Relatedly, while NaVs are mostly restricted to the PNS, they are relatively ubiquitous throughout, making it difficult to discover ways of targeting spatially selective areas of the body. So, taking a NaV modulator systemically, such as in an over-the-counter pill, would target the entire PNS. NaV modulators have to be injected to target localized acute pain, and this is likely the path that SiteOne will be the first to trek through because of the straightforward path to approval recently carved out by other companies. There are proof-of-concept models for soft and hard tissue models in abdominoplasty and bunionectomy, respectively.
The clinical testing landscape for chronic pain is far more complex and uncharted. According to Mulcahy, chronic pain is much more nebulous and segmented, so figuring out the chronic pain segments SideOne will operate in first is just a more complicated decision than acute pain. However, a new challenge awaits at the end of this journey: reimbursement.
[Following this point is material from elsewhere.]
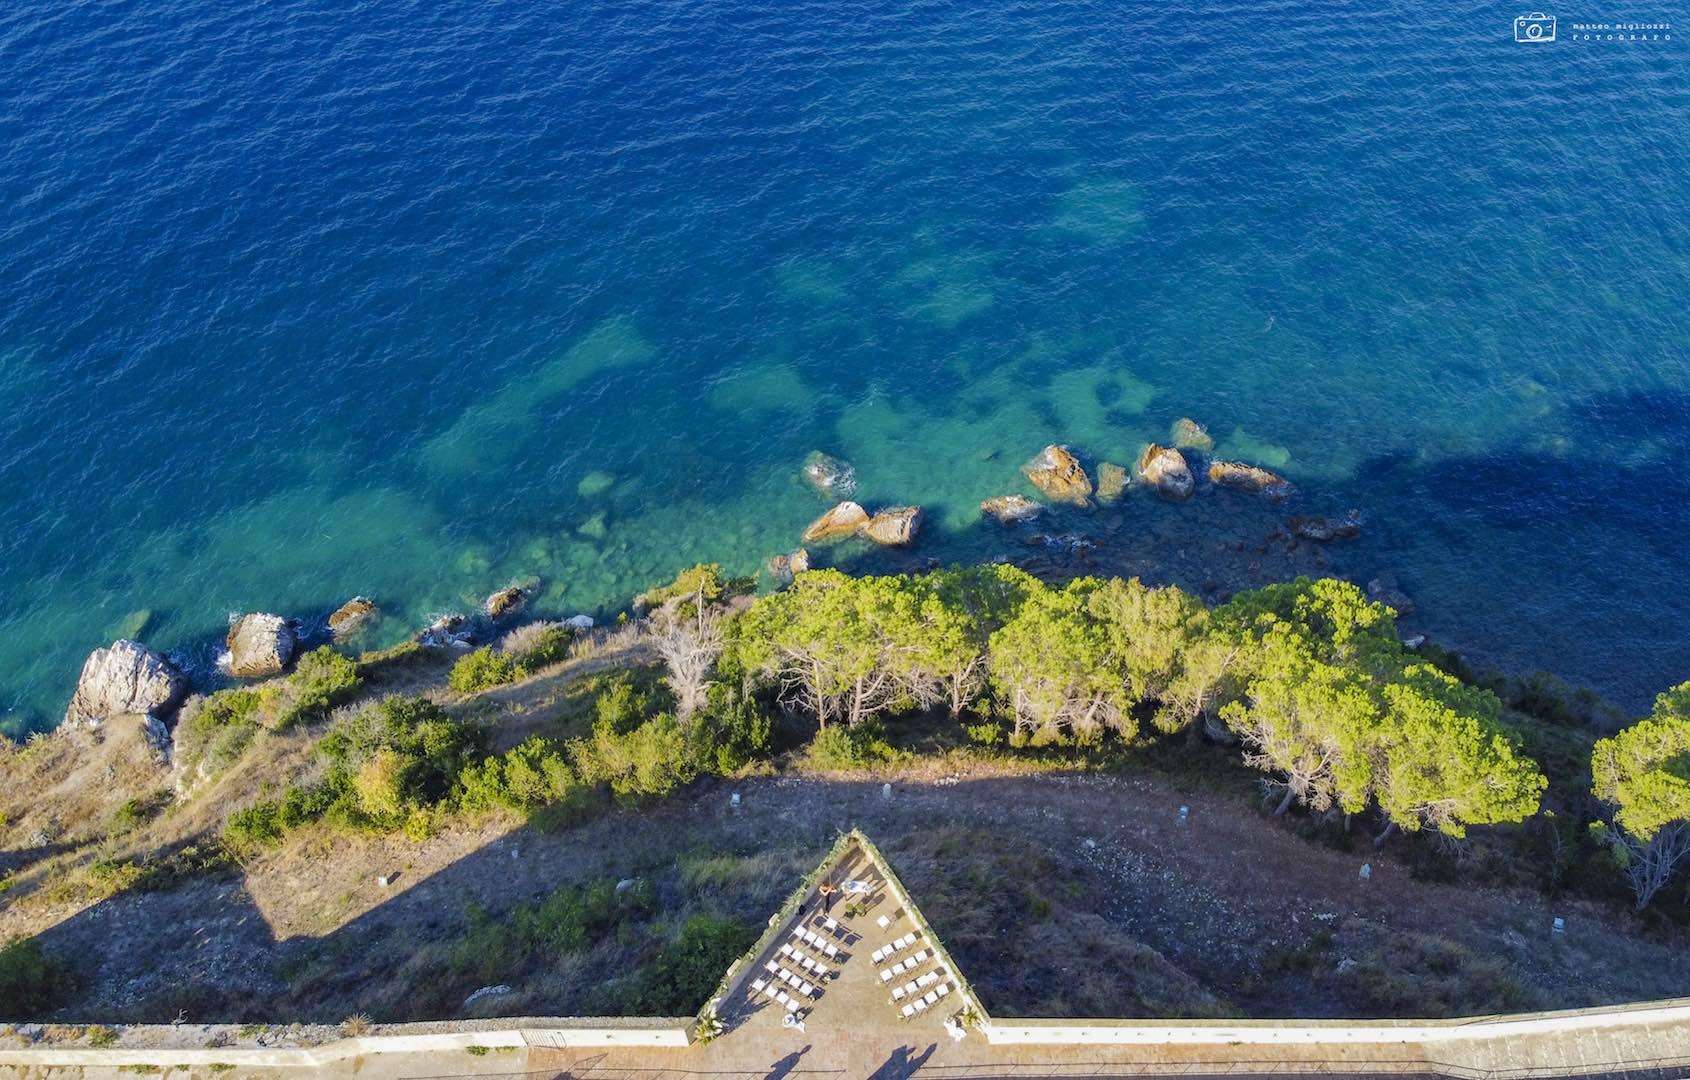 L'isola d'Elba? Una location da sogno

“The other interesting dynamic has to do with the commercial adoption of these medications and, in particular, how reimbursement is going to play out,” said Mulcahy. “For a long time, there’s been this dogma that opioids are safe medications, and the patients are the problem. I think the science doesn’t support that. The science indicates that with every dose of an opioid, you’re increasing a patient’s risk of dependence and addiction. But where reimbursement lands will be an evolving story here as this technology begins to reach patients.”
Beyond pain
Mulcahy believes that NaV modulators provide therapeutic opportunities beyond pain. For example, there are remarkable physiological similarities in the C-fibers—unmyelinated nerve fibers that transmit information about deep, dull pain—that innervate the skin and the lungs. According to Mulcahy, that opens up looking at conditions like chronic cough and irritation.
Mulcahy said, “You’re not going to be able to achieve tissue selectivity where you could only target one part of your body over another. However, the upside is that, if you think about the PNS is this wiring that interfaces with almost every tissue organ in your body, when that tissue is damaged, a lot of the time that irritation manifests in pain. There are also other symptoms, like [irritation], that can accompany that damage.”
Mulcahy said it’s too early to comment on exactly which molecules SiteOne will advance for indications beyond pain. Even if SiteOne hasn’t made much progress in targeting NaVs and other ion channels in conditions related to hypersensitivity, they’re quite a bit closer to getting their foot in the door to a whole new world of indications.
“The total addressable market with the NaV mechanism is really broad and comprised of not only acute pain and chronic pain, but also there are potentially these other opportunities beyond pain that we aim to explore,” said Mulcahy. “So, as a small company, it’s very exciting, but at the same time, we have a lot of work ahead of us here to explore what we think is possible with this approach.”